La fin annoncée du bipartisme ?

Si personne ne veut réellement la sortie de la zone euro en Grèce, le «changement» est le mot dominant de la campagne grecque et n'est pas utilisé que par Syriza, mais aussi par le parti centriste To Potami («la rivière») qui pourrait arriver troisième. Ce parti, fondé par un journaliste, Stavros Theodorakis, entend lui aussi profiter de son aspect «neuf», indépendant du vieux système bipartiste dont ne veulent plus entendre parler une grande partie des Grecs, et qui a conduit le Pasok en deçà des 5 % dans les sondages.

Évidemment, tout n'est pas si simple. L'actuel premier ministre, dos au mur, espère encore un miracle, grâce notamment aux indécis, qui représenterait entre 10 % et 15 % de l'électorat. Pour les convaincre, il a joué sur deux cartes: le «Grexit», autrement dit la sortie de la zone euro, et la sécurité.
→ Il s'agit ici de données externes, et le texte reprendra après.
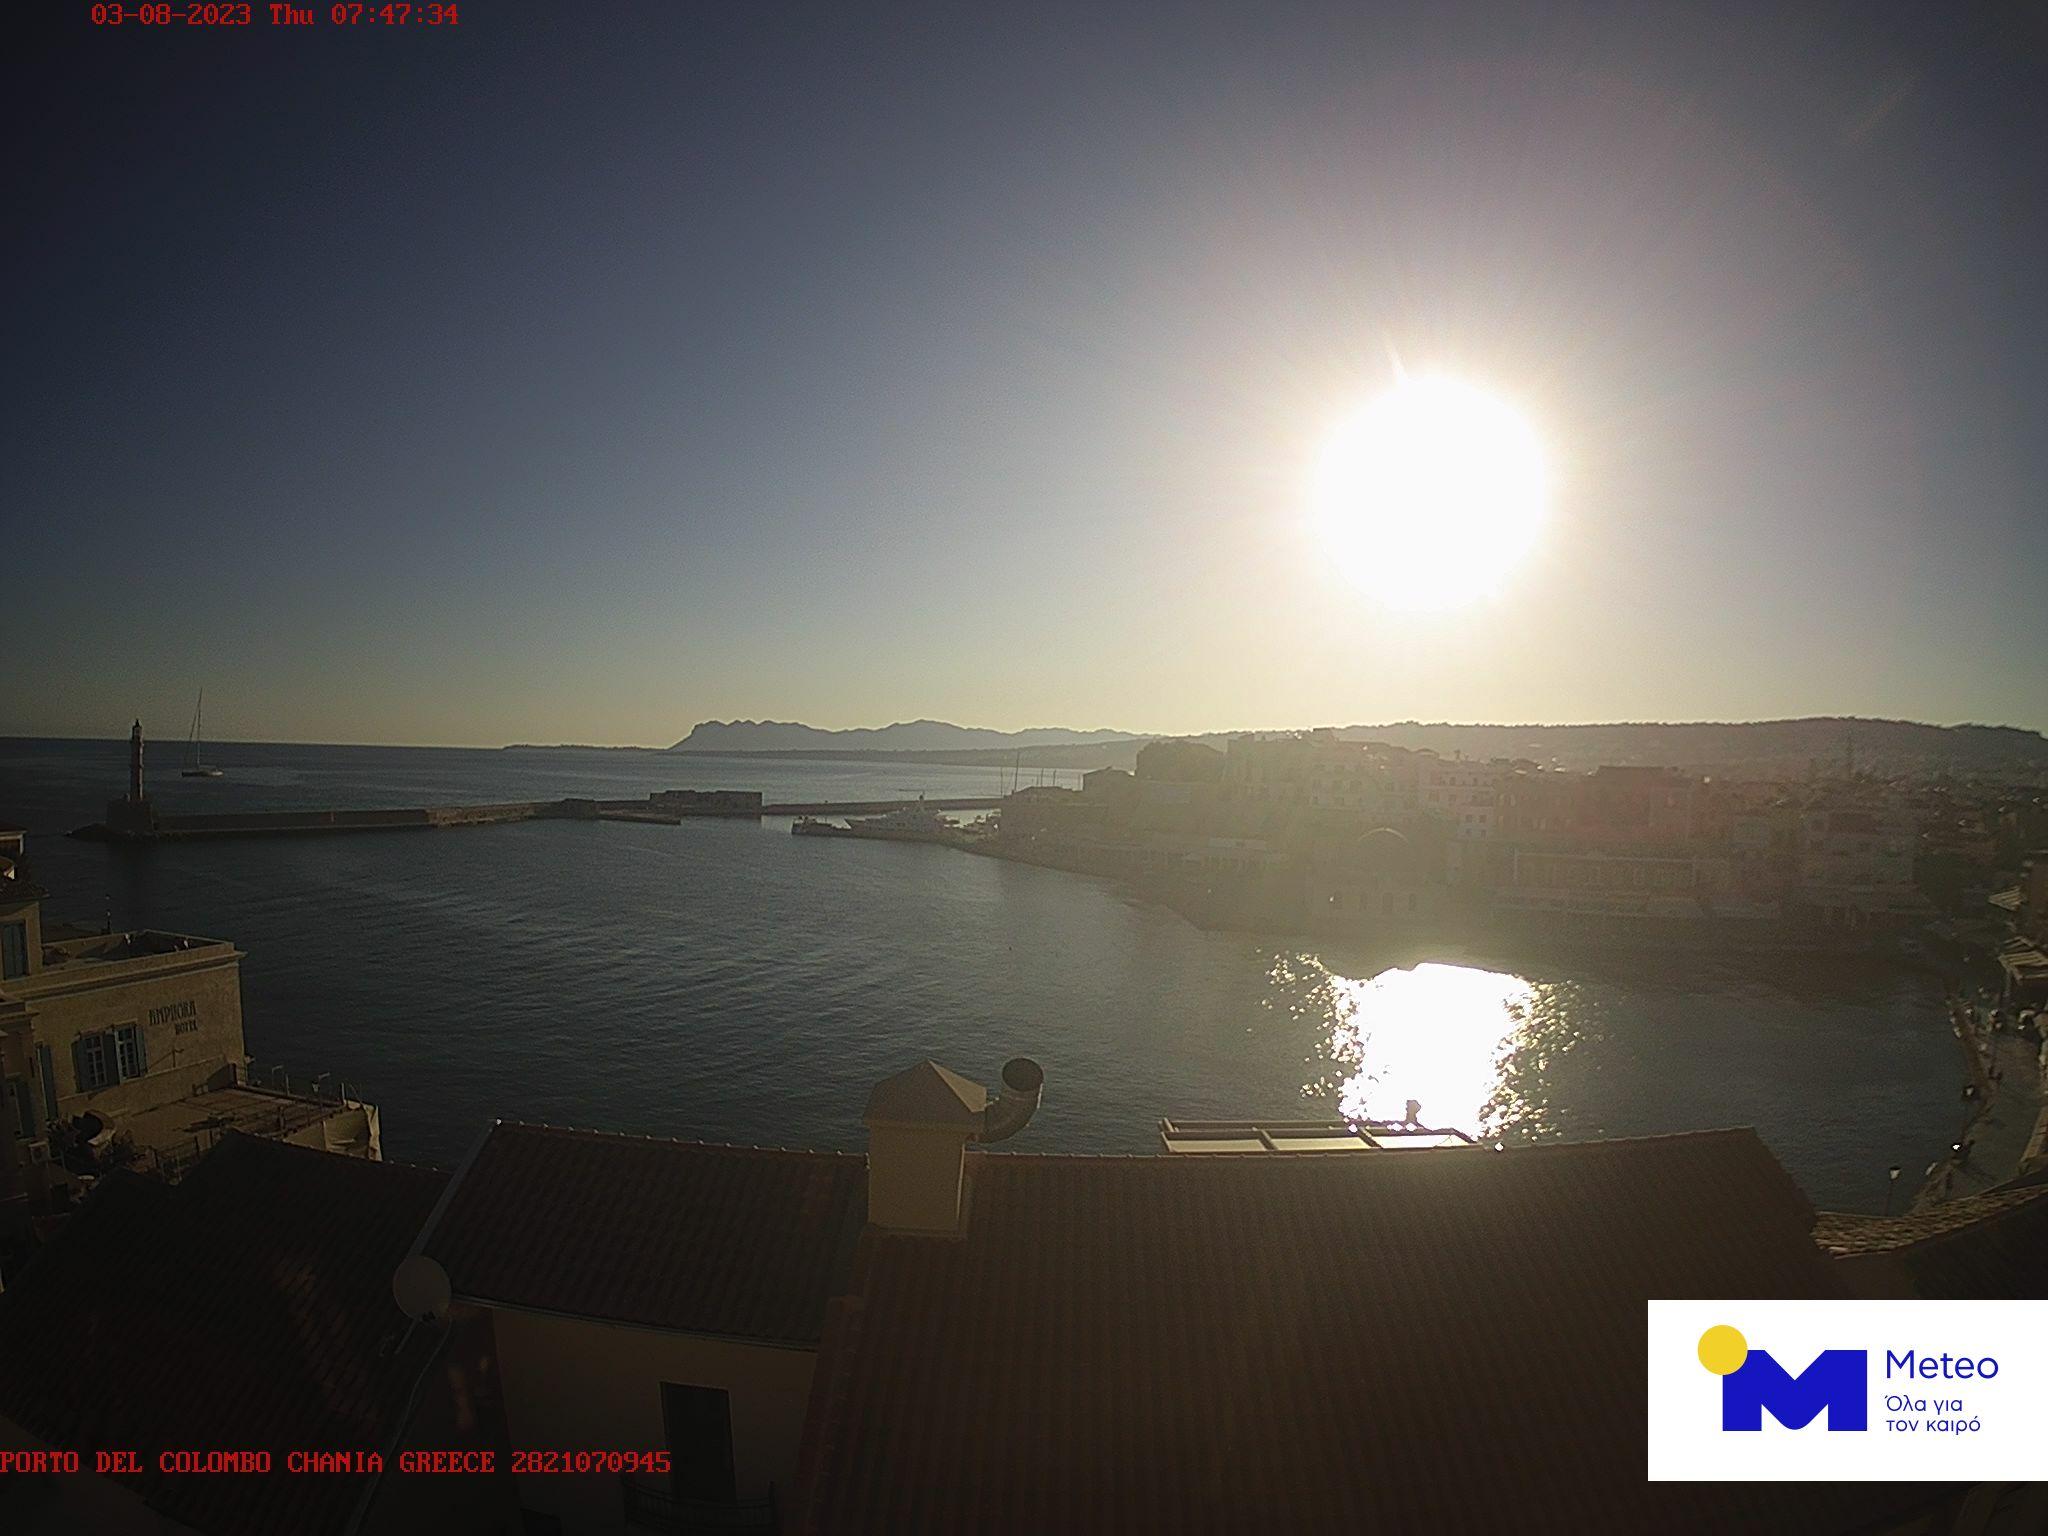 Онлайн веб камера Греции, Крит, Ханья, венецианская гавань

Sur ce dernier point, il n'a pas hésité à instrumentaliser les attentats en France et à faire l'amalgame entre insécurité et immigration pour dénoncer les projets de Syriza sur cette question. Il agite aussi le spectre de l'arrivée au pouvoir des «communistes» captateurs qui vont se saisir des économies des braves gens. Ce discours est celui, sans doute, qui porte le mieux.

Andreas est ainsi paniqué:

« Ils vont me prendre le peu que j'ai de côté parce qu'il n'y a pas d'argent ailleurs !»
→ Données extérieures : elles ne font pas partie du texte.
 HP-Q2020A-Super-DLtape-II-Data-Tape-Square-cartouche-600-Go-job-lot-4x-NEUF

« Avec la peur, on ne peut agir », affirme Tsipras

Mais Syriza a su tourner cette campagne de peur en force. Il joue sur une certaine sérénité qui tranche avec les discours de panique de ses adversaires. Il fait mieux : il utilise l'argument de la peur pour le retourner contre les partis de gouvernement. Alexis Tsipras utilise le mot « peur » en permanence, pour en faire un argument pour l'action et contre le gouvernement.

« Avec la peur, on ne peut agir», a ainsi déclaré le chef de file de Syriza lors d'une réunion publique à Kavala, dans le nord-est du pays, le 14 janvier.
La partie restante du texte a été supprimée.